Monday, November 9, 2020

Anwen Keeling / The Blue Room

Anwen Keeling

Anwen Keeling completed a Bachelor of Fine Arts (First Class Honours) at the Australian National University, Canberra and was awarded the University Medal. She also holds a Masters of European Fine Art from the Winchester School of Art, South Hampton University, Barcelona, Spain. 

Keeling was a finalist in the Sulman Prize at the Art Gallery of New South Wales in 2010 and in 2011 for her painting of the elite sporthorse, Copabella Visage. Her paintings have been selected for The Year in Art (2003) and the Salon des Refuses (2004) at the SH Ervin Gallery, The National Trust, Sydney. Keeling’s portrait of the Sydney radio hosts Merrick Watts and Tim Ross (Merrick and Rosso) was exhibited in the Doug Moran National Portrait Prize (2004) at the State Library of New South Wales. In 2007 Keeling was awarded the ABN AMRO Emerging Artist Award (Employee’s Choice) for her painting, Marnie. 

In late 2010 Keeling was specially commissioned by the University of Notre Dame to paint the Chancellery – His Eminence Cardinal Pell, the Honourable John Howard and the Vice Chancellor Emeritus Professor Peter Tannock. 

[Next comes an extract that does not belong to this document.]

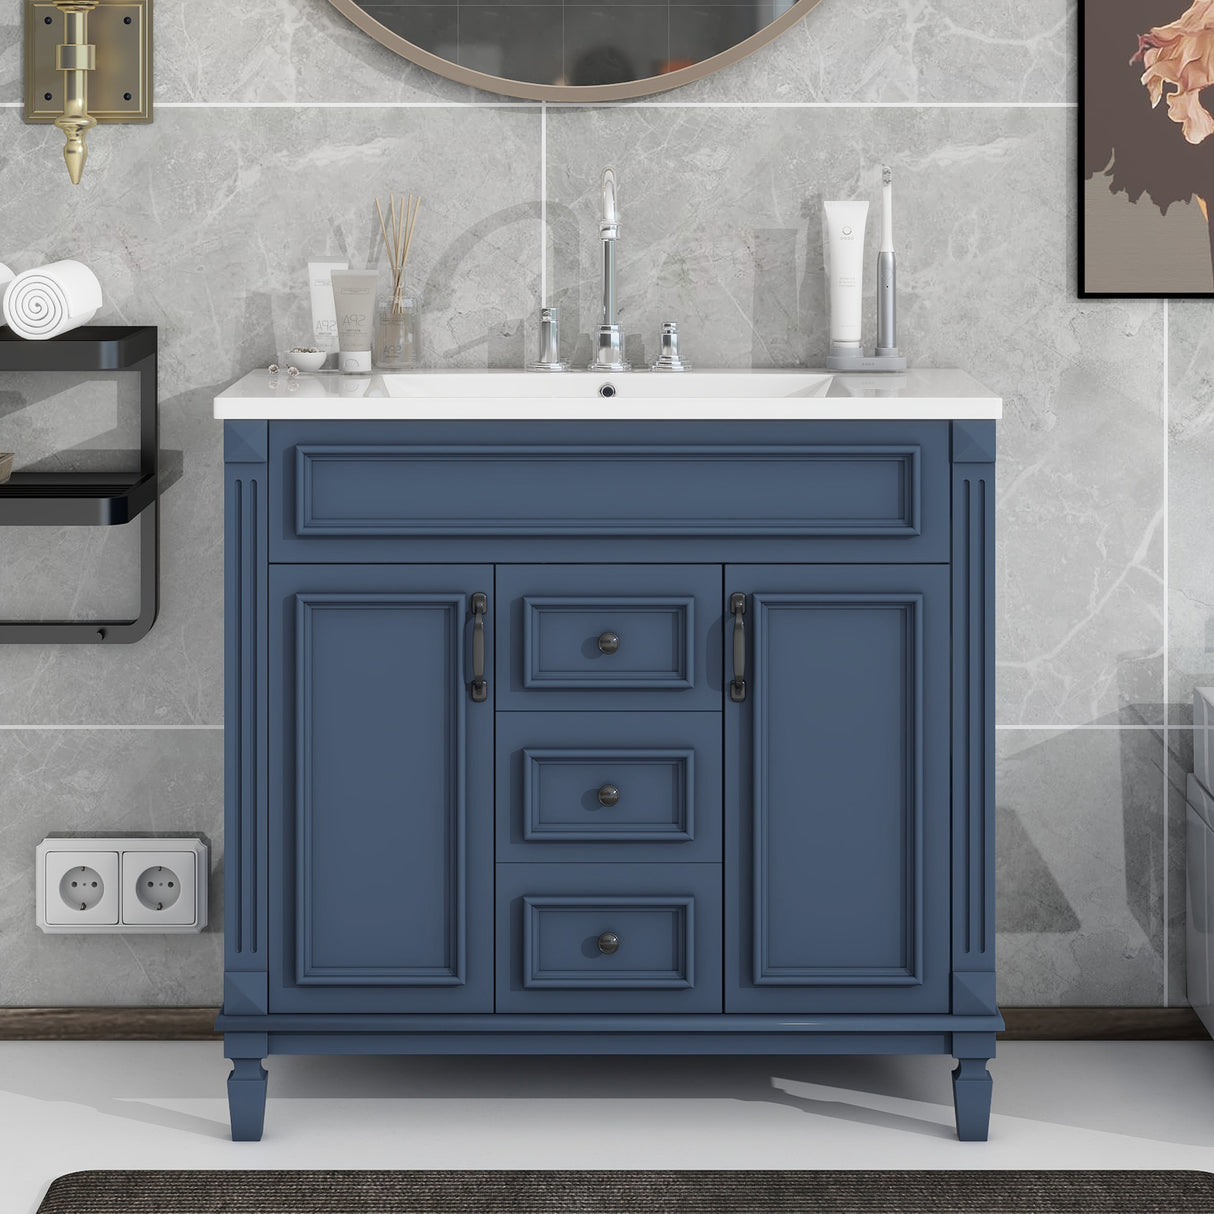 36'' Bathroom Vanity with Top Sink, Royal Blue Mirror Cabinet, Modern Bathroom Storage Cabinet with 2 Soft Closing Doors and 2 Drawers, Single Sink Bathroom Vanity

Keeling’s work is represented in the collections of the National Australia Bank and the Australian National University, Canberra, regional galleries including Tweed River Regional Art Gallery and the Gold Coast City Art Gallery, as well as private collections in Australia, the United States of America, Hong Kong and the United Kingdom. 

Anwen Keeling lives and works in Sydney and is also a lecturer in painting and life drawing at The College of Fine Arts, University of New South Wales and The National Art School, Sydney.

The Blue Room

“Women always bring it back to the personal,' said Handsome. 'It's why you can't be world leaders.'

'And men never do,' I said, 'which is why we end up with no world left to lead.” 
Jeanette Winterson, The Stone Gods

The work of Anwen Keeling is defined by feminine beauty. It is a world of soft tones, gentle curves and reposed thought. Light plays across a form as a liquid element caressing and defining its own trajectory insensible to pattern and mood. The woman herself: young; beautiful; supple is defined by form. Keeling however, poses an alternate reading. Like Winterson, she posits beauty and its cohorts, domesticity and the female sensibility, as intrinsic and essential to what it means to be human. Elements to be acknowledged, without being a slight.

Effectively the Keeling figure is enigmatic, invested in personal cognition whereby the sensuality of form is rendered secondary to the intimacy of thought. Indeed, the viewer is cast within the narrative as voyeur, an intruder never able to enter the evocative space of the personal. There is something of Edward Hopper and Andrew Wyeth in this paradox of broken narrative, in that the figure, while emotionally and compositionally central, remains ephemeral. It is this disparity between invitation and engagement that draws the viewer in. The perfection of the girl’s breast in Swathe for example, is both tantalizing and distracting; it questions our gaze, our judgment and desire. It is however, tangible, and in being so, understood. Conversely, the mood of the room, while made up of concrete elements, is fleeting. Light in particular conveys the single unique moment, in this case casting a diaphanous veil across our reading on the room’s colours and form. And it is within this intensely personal space that the viewer becomes engaged with the sitter’s contemplation. Devoid of censure or self-consciousness, an open book, she is however, clearly not engaged with the room or any aspect the viewer is invited to share. 

The Blue Room paintings continue the narrative of intensely personal space. The figure is vulnerable and again entirely feminine, yet the viewer is disallowed entry to the inner monologue. Rather, the paintings blur and switch between narrative and composition. To wit, the figure, while central to the space does not dominate, rather, it is the interruption of light’s flow that forms the central narrative and ultimately invests the curve of the figure as landscape. 

Painting with oil on Belgium linen, Keeling is enamoured by the act of painting. Painting for painting’s sake, she nurtures paint’s ability to describe light through the glowing layers of transparent colour that shimmer within the rich lead white, umbers and ultramarine of her palette.